I'm using a program (by Microsoft, no less) that generates an extremely large (80MB) XML file. In some cases, this program is known to output malformed XML. Closing tags are missing in much of the file. There is a possibility this could be done with some tool out there, but I'd really like to see if Perl can do this quickly and easily with existing modules.

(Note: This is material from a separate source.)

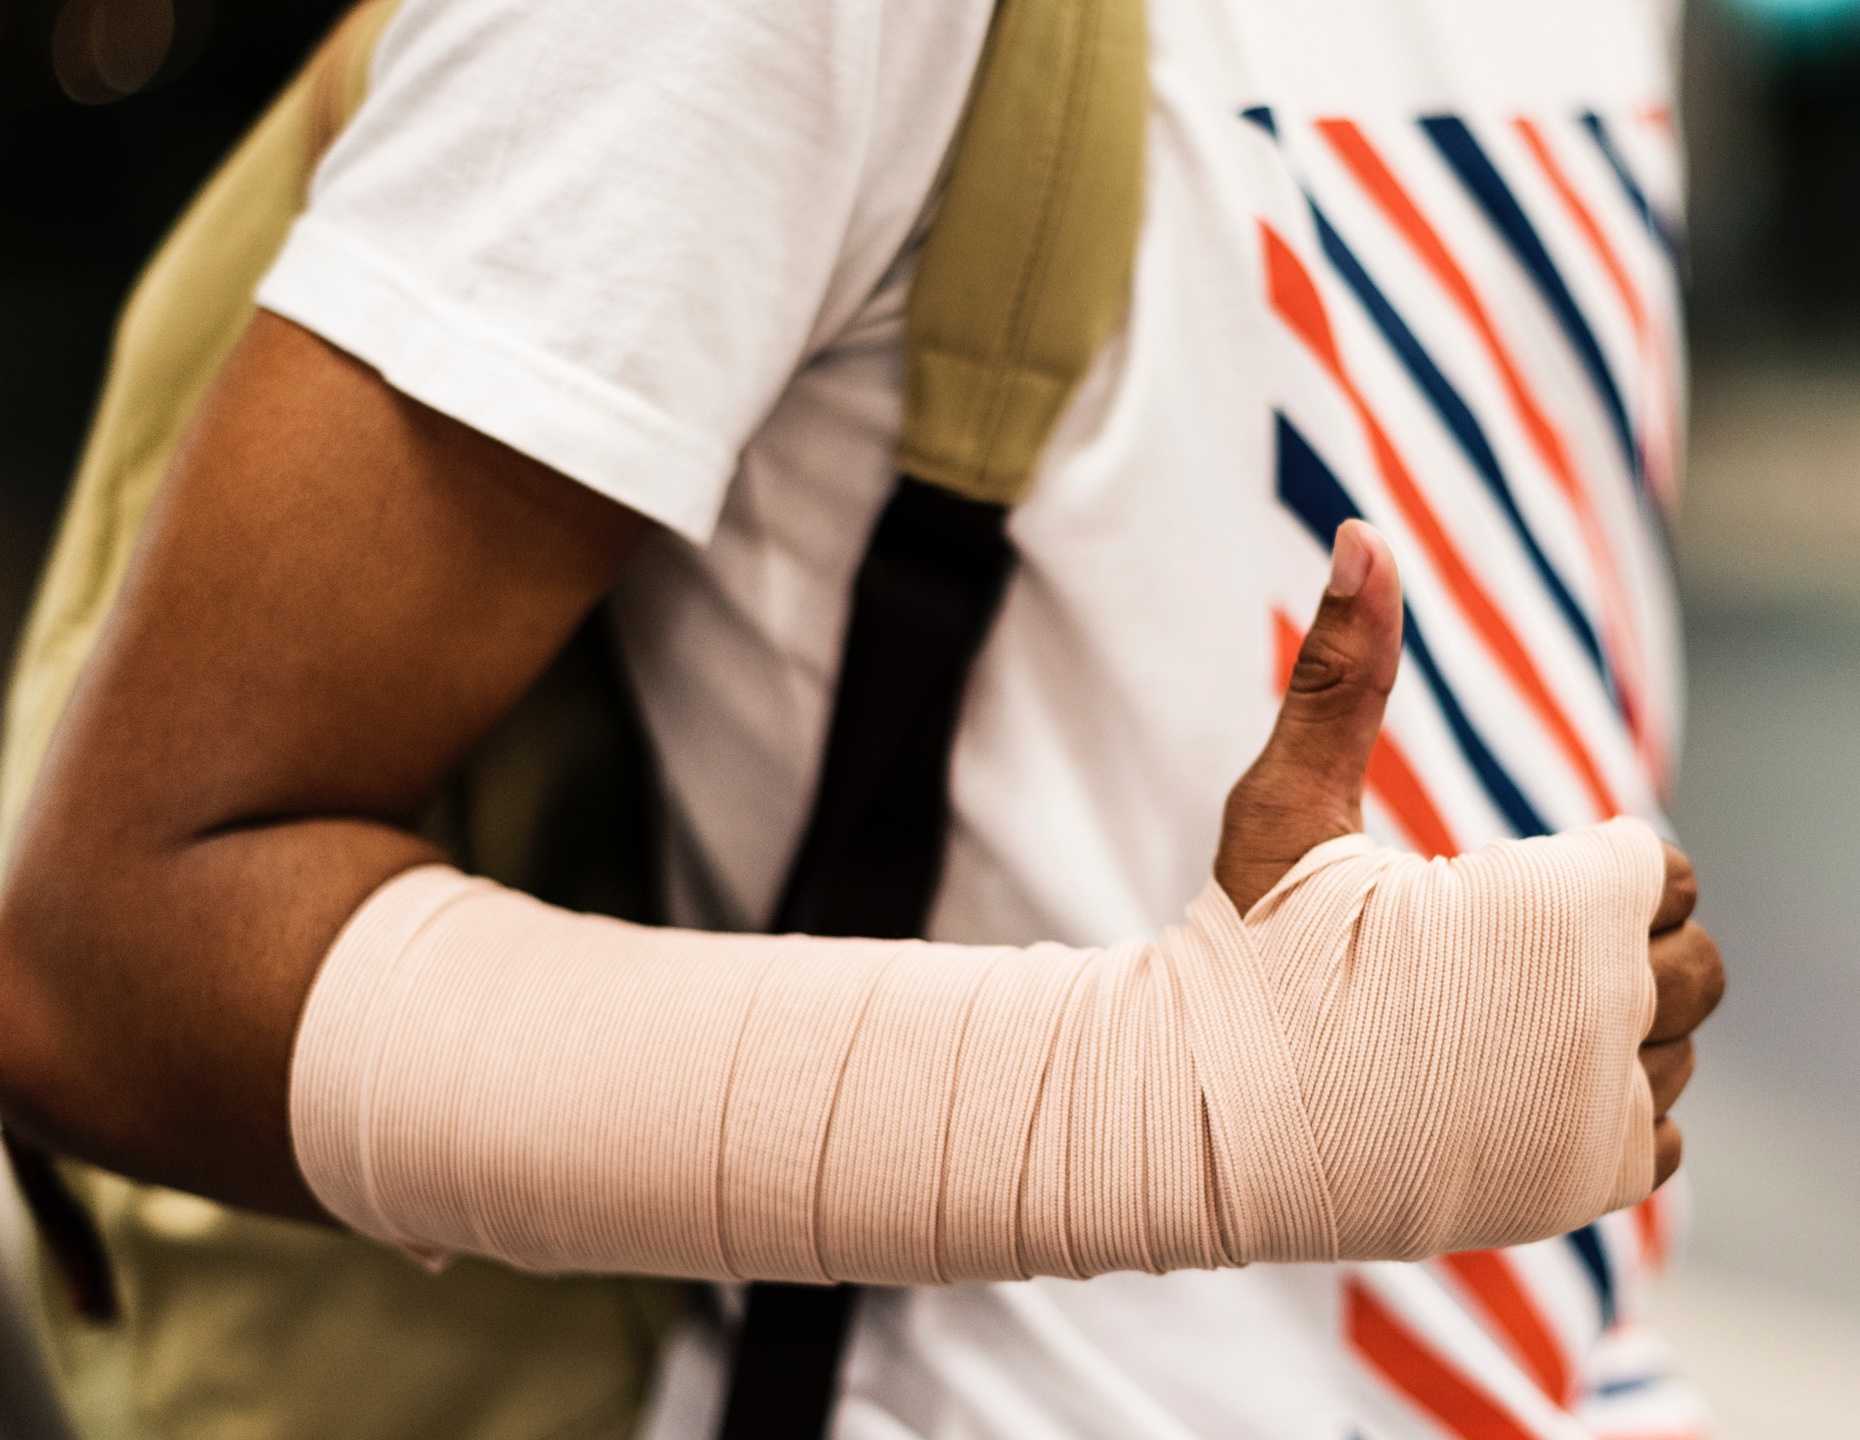 Nærbillede af skadet arm til mobilapp til rapportering af hændelser

An example of the malformed XML looks like:

<cc:files> <o:destination><![CDATA[/Documents/some file.pdf]]></o:destinati +on> <y:name><![CDATA[some file.pdf]]></y:name> <r:DenyAccess dt="mv.string"></r:DenyAccess> <o:version> <d:contentclass><![CDATA[urn:content-classes:baseddocument]]> +</d:contentclass> <o:source><![CDATA[\sources\some file.pdf\some file.pdf]]></o +:source> <a:FriendlyVersionID>1.0</a:FriendlyVersionID> <a:owner><![CDATA[SERVER\iusr_server]]></a:owner> <a:CreatedTimeStamp>2/1/2005 6:41:30 PM</a:CreatedTimeStamp> <a:DocumentState>approved</a:DocumentState> <a:IsCurrentVersion>False</a:IsCurrentVersion> </cc:files>
Here, you can see that <o:version> does not have a closing tag. While I do not have a DTD or Schema of this file, I believe I can make the assumption that <o:version> encloses everything up to </cc:files>. This pattern of missing </o:version> tags repeats over and over throughout the XML file for each file that it describes (there are 20,000+ files). But, there are some cases in the XML where the </o:version> closing tag does appear where it should. The process needs to determine if the tag is missing. Heck, if any closing tag is missing.

I know XML::LibXML won't like it, because it must be well-formed. I imagine XML::Parser could do this, but I can't really visualize how to do it. Could someone please offer some wisdom?